• _PROBLEM TO SOLVE_: What you return must be the full data, repeated verbatim, with no pictures in it.

• _INFORMATION SHOWN_:
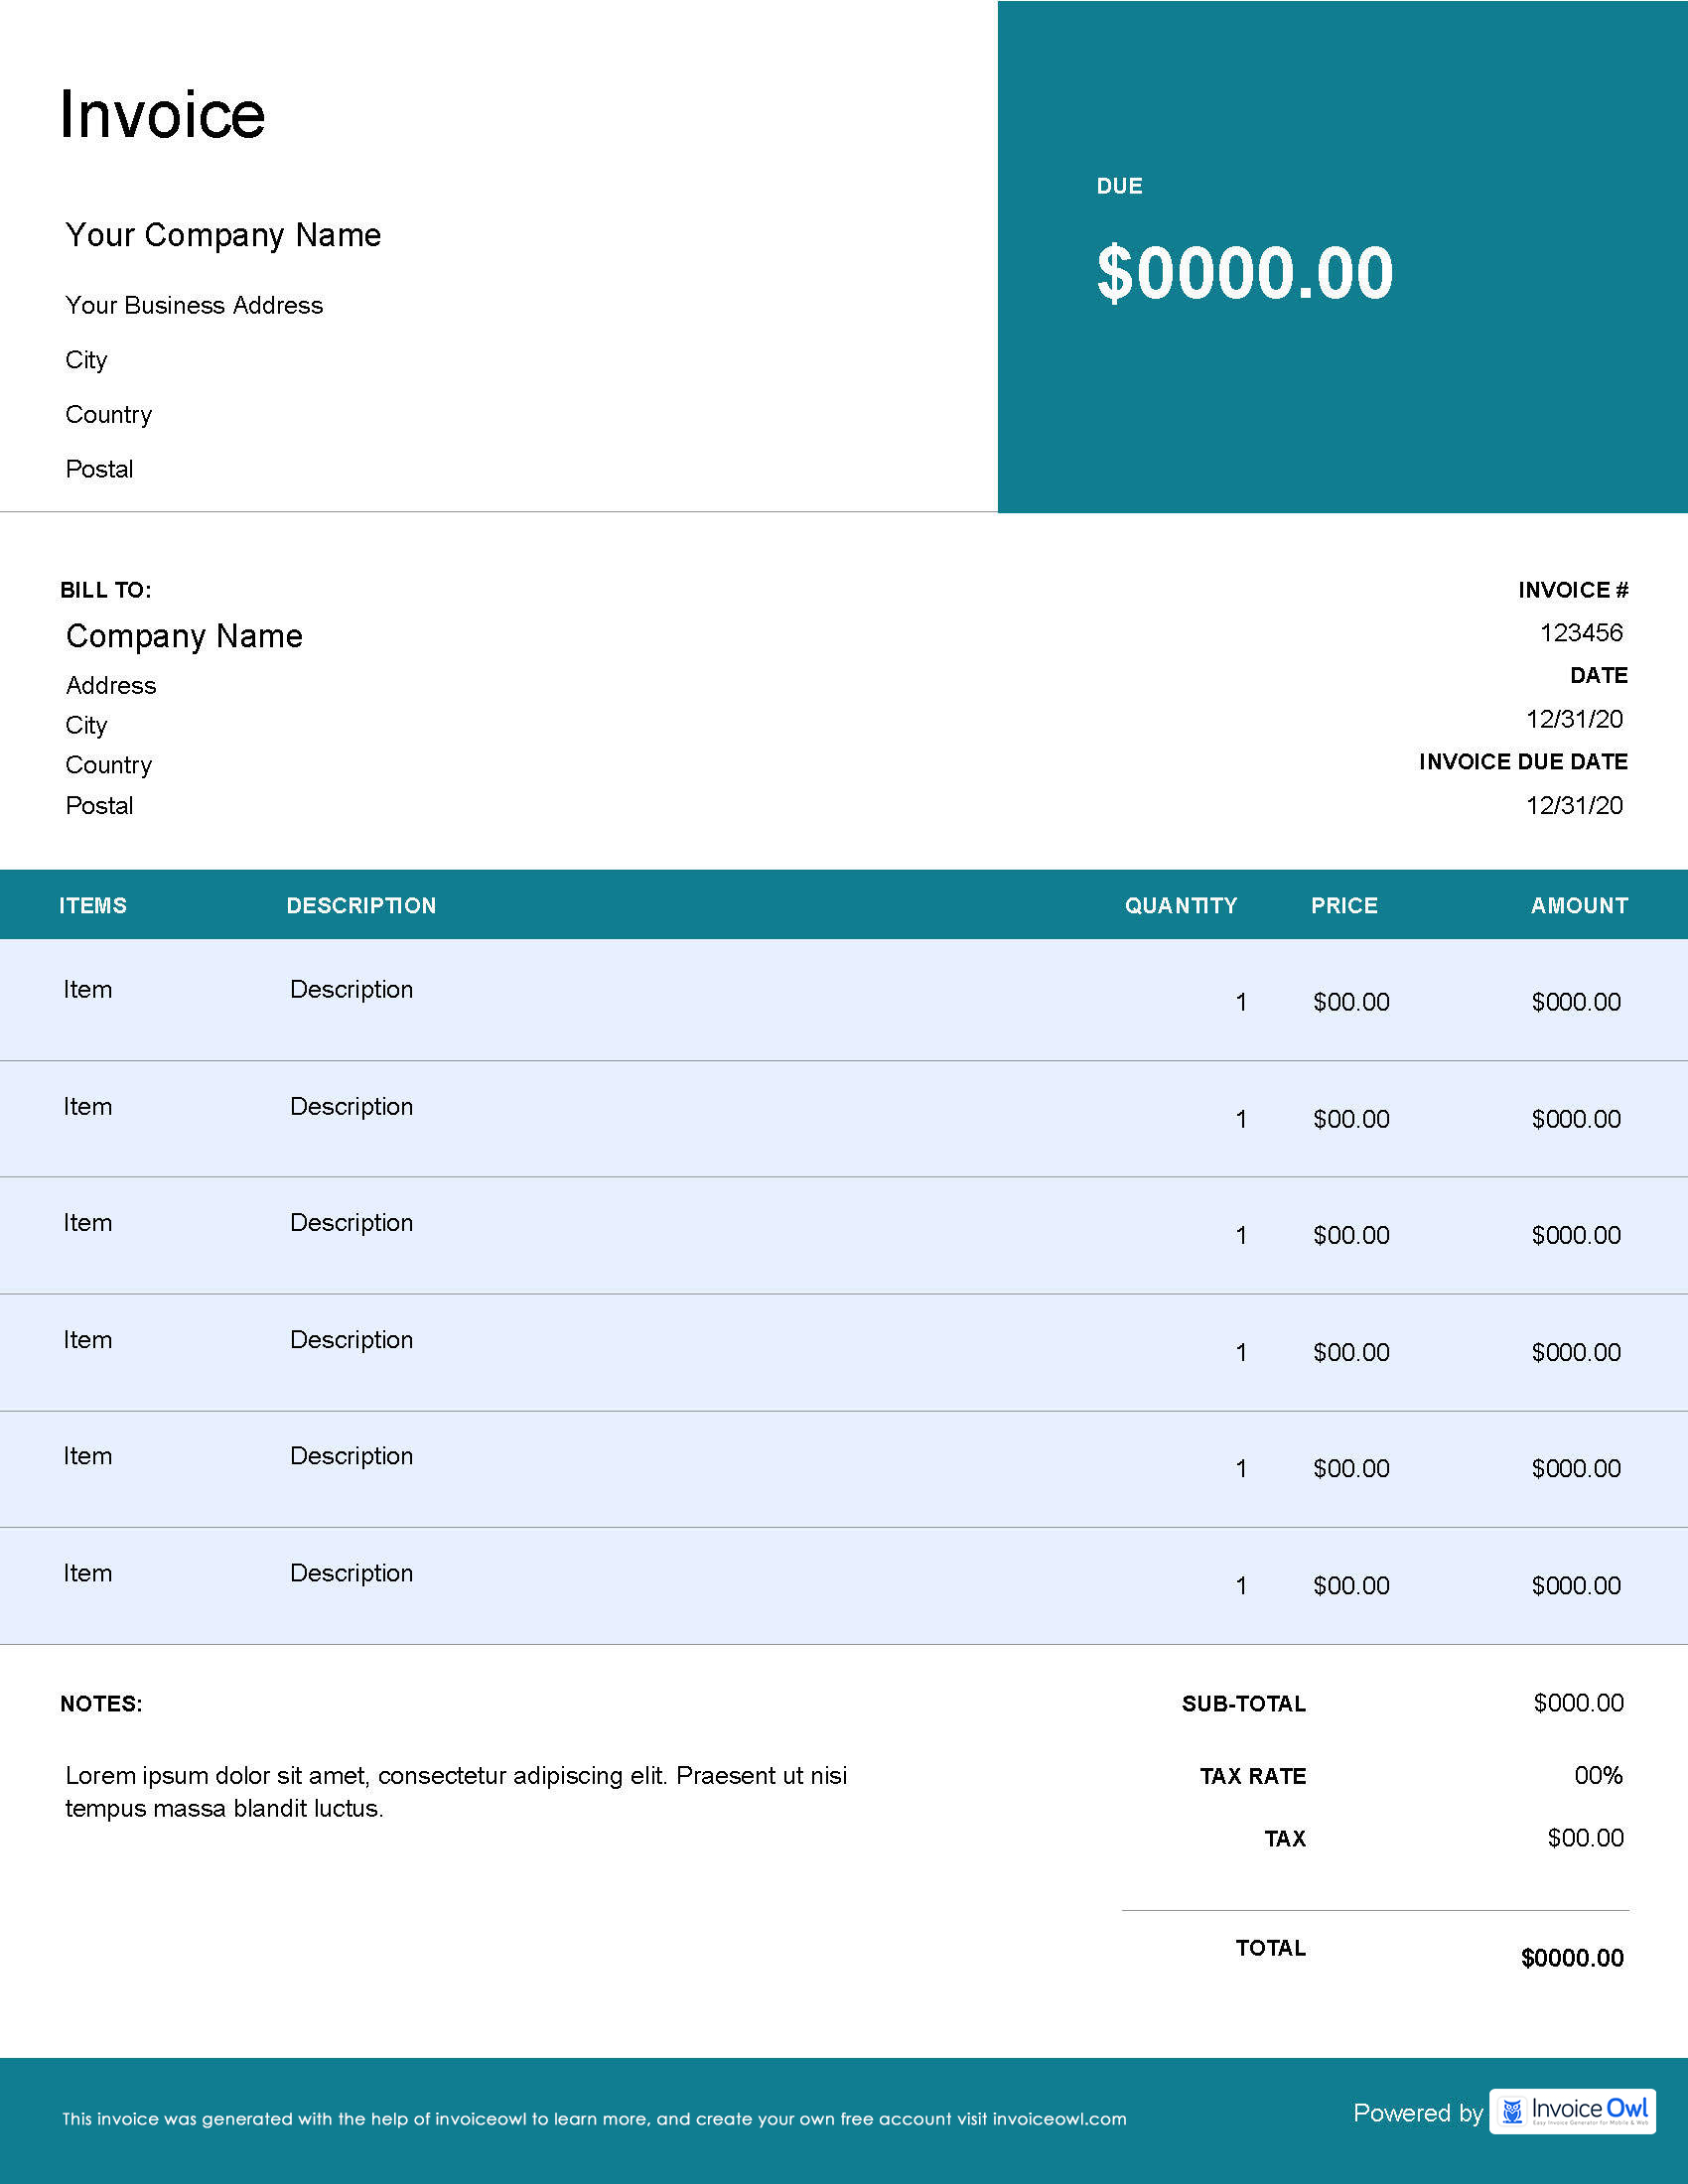 Download corporate law invoice template
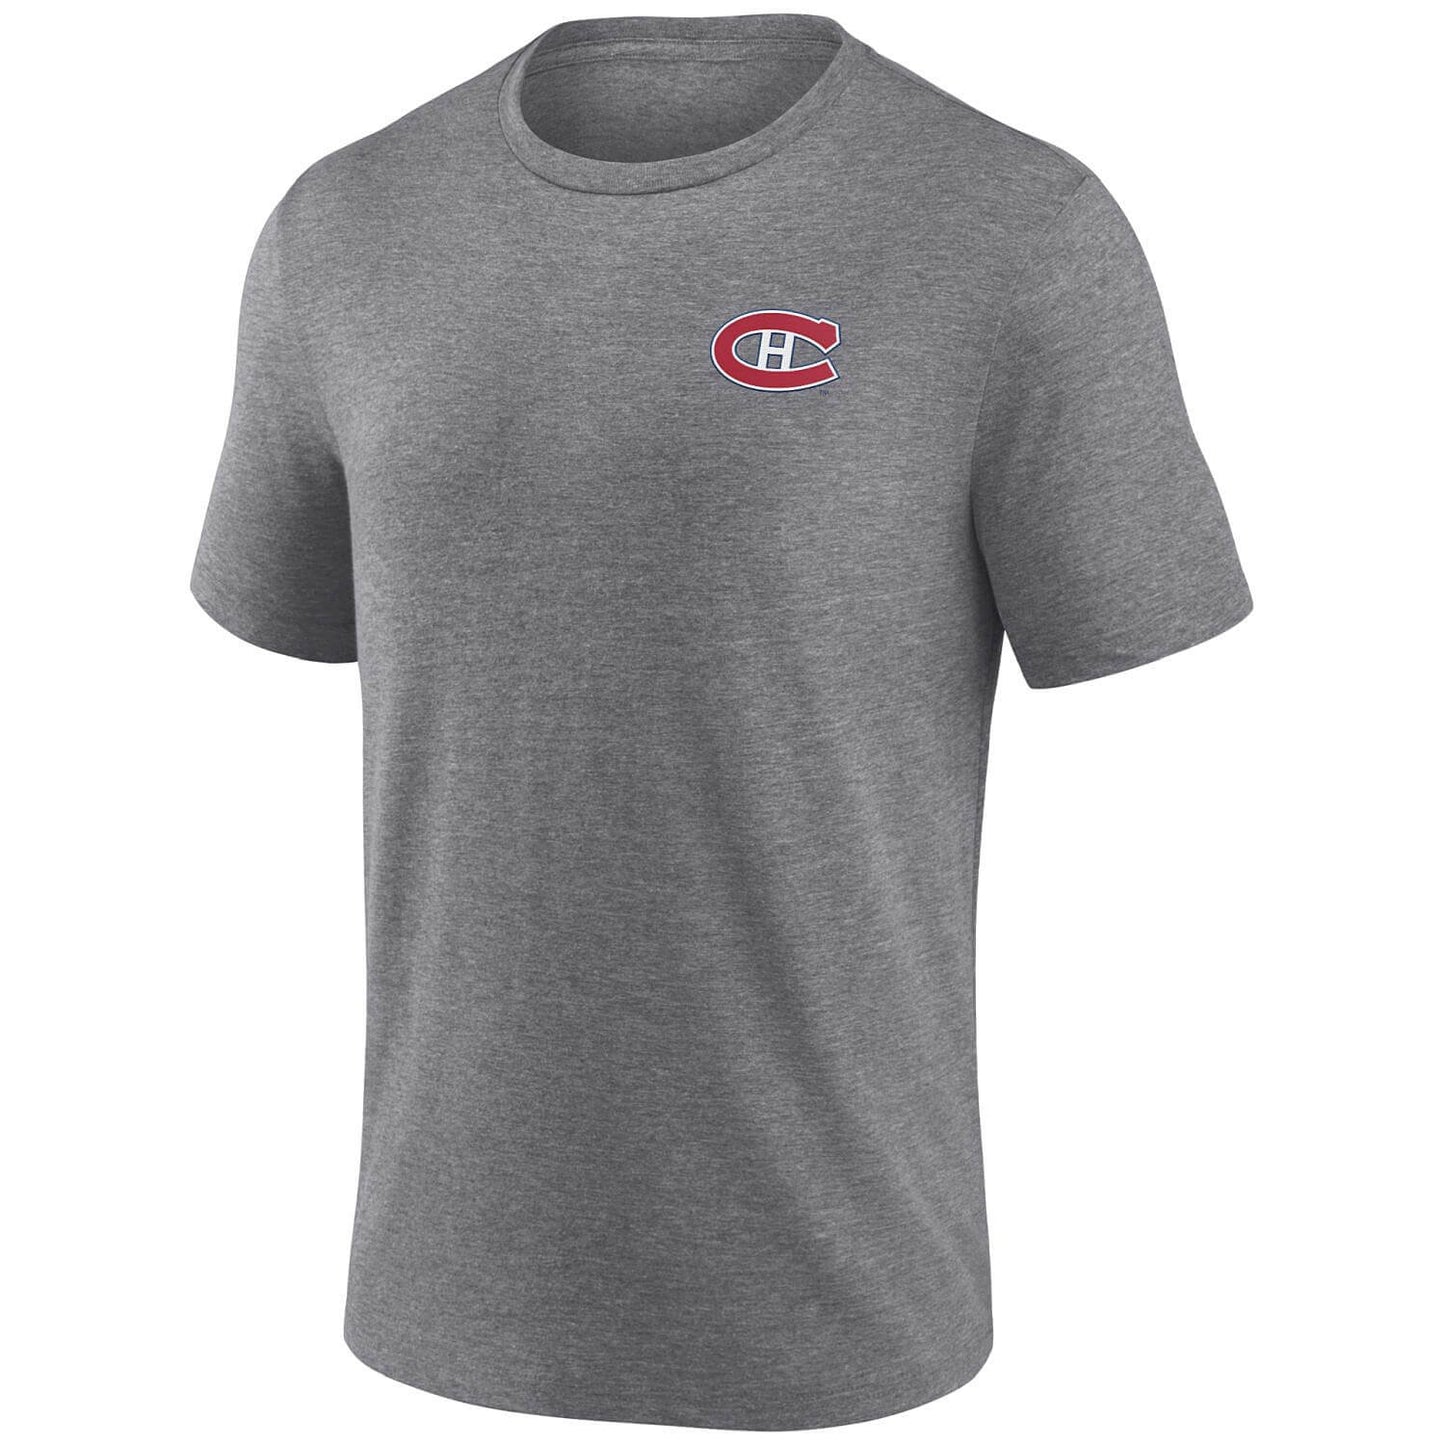 Fanatics NHL SS Triblend Tee Montreal Canadiens Athletic Gray Heather
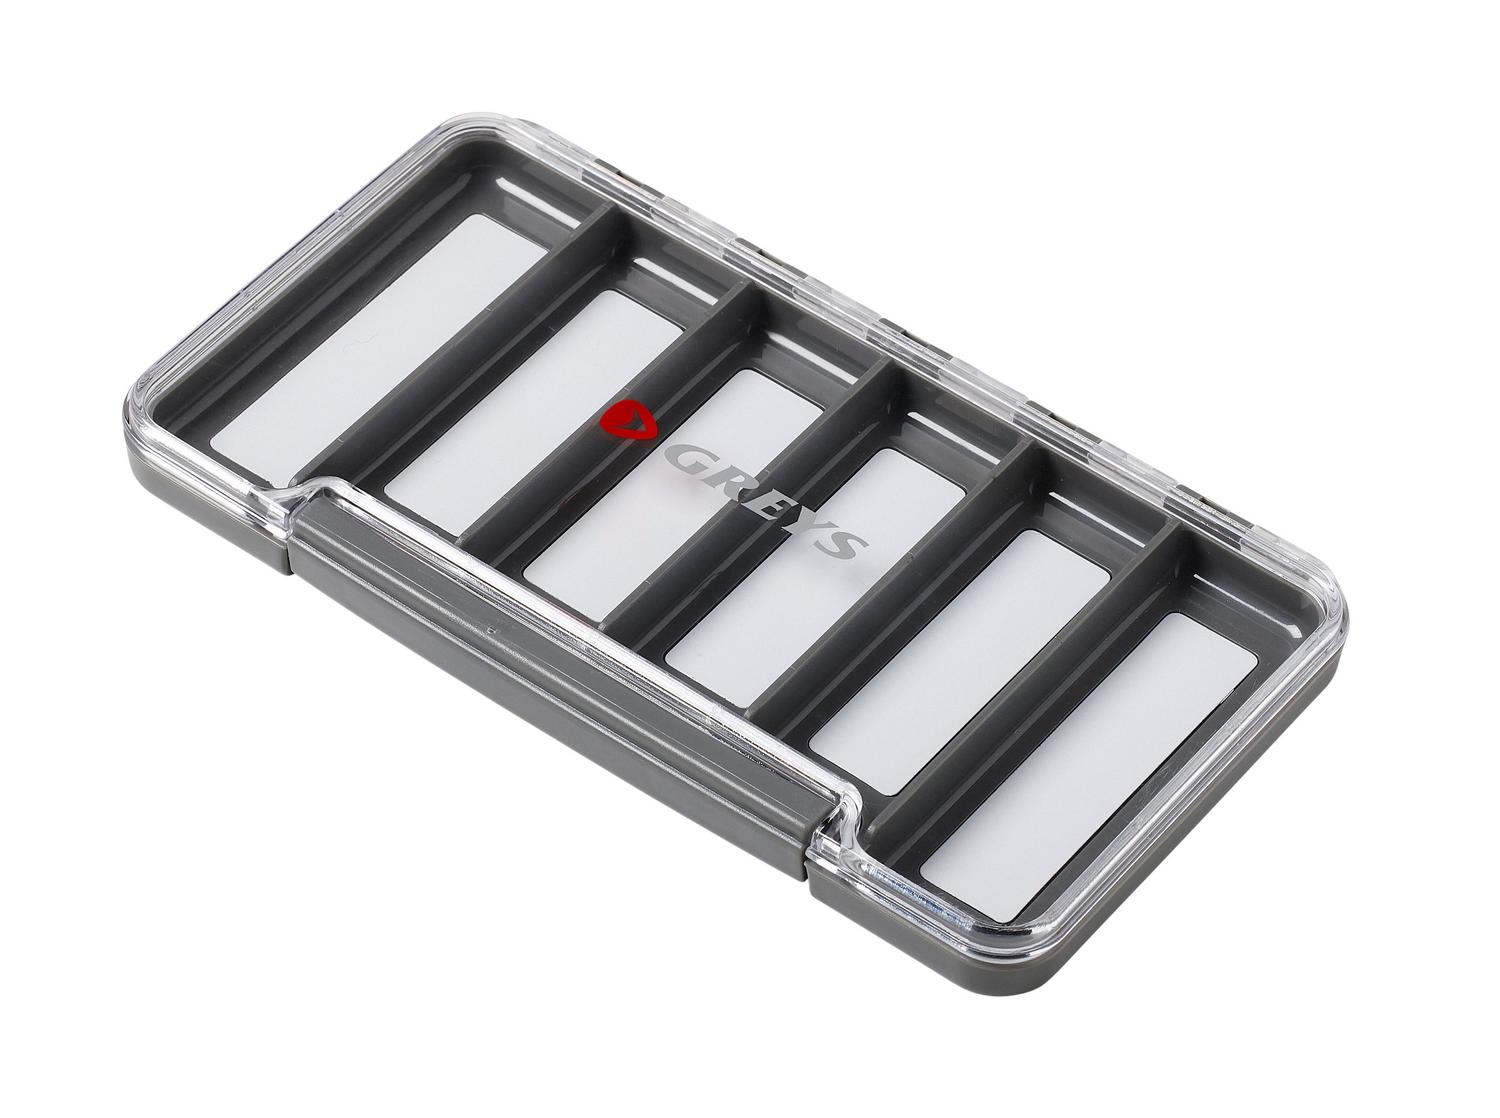 GREYS SLIM WATERPROOF FLY BOX - 6 COMPARTMENTS

• _WRITTEN RESPONSE_:
 Download corporate law invoice template
 Fanatics NHL SS Triblend Tee Montreal Canadiens Athletic Gray Heather
 GREYS SLIM WATERPROOF FLY BOX - 6 COMPARTMENTS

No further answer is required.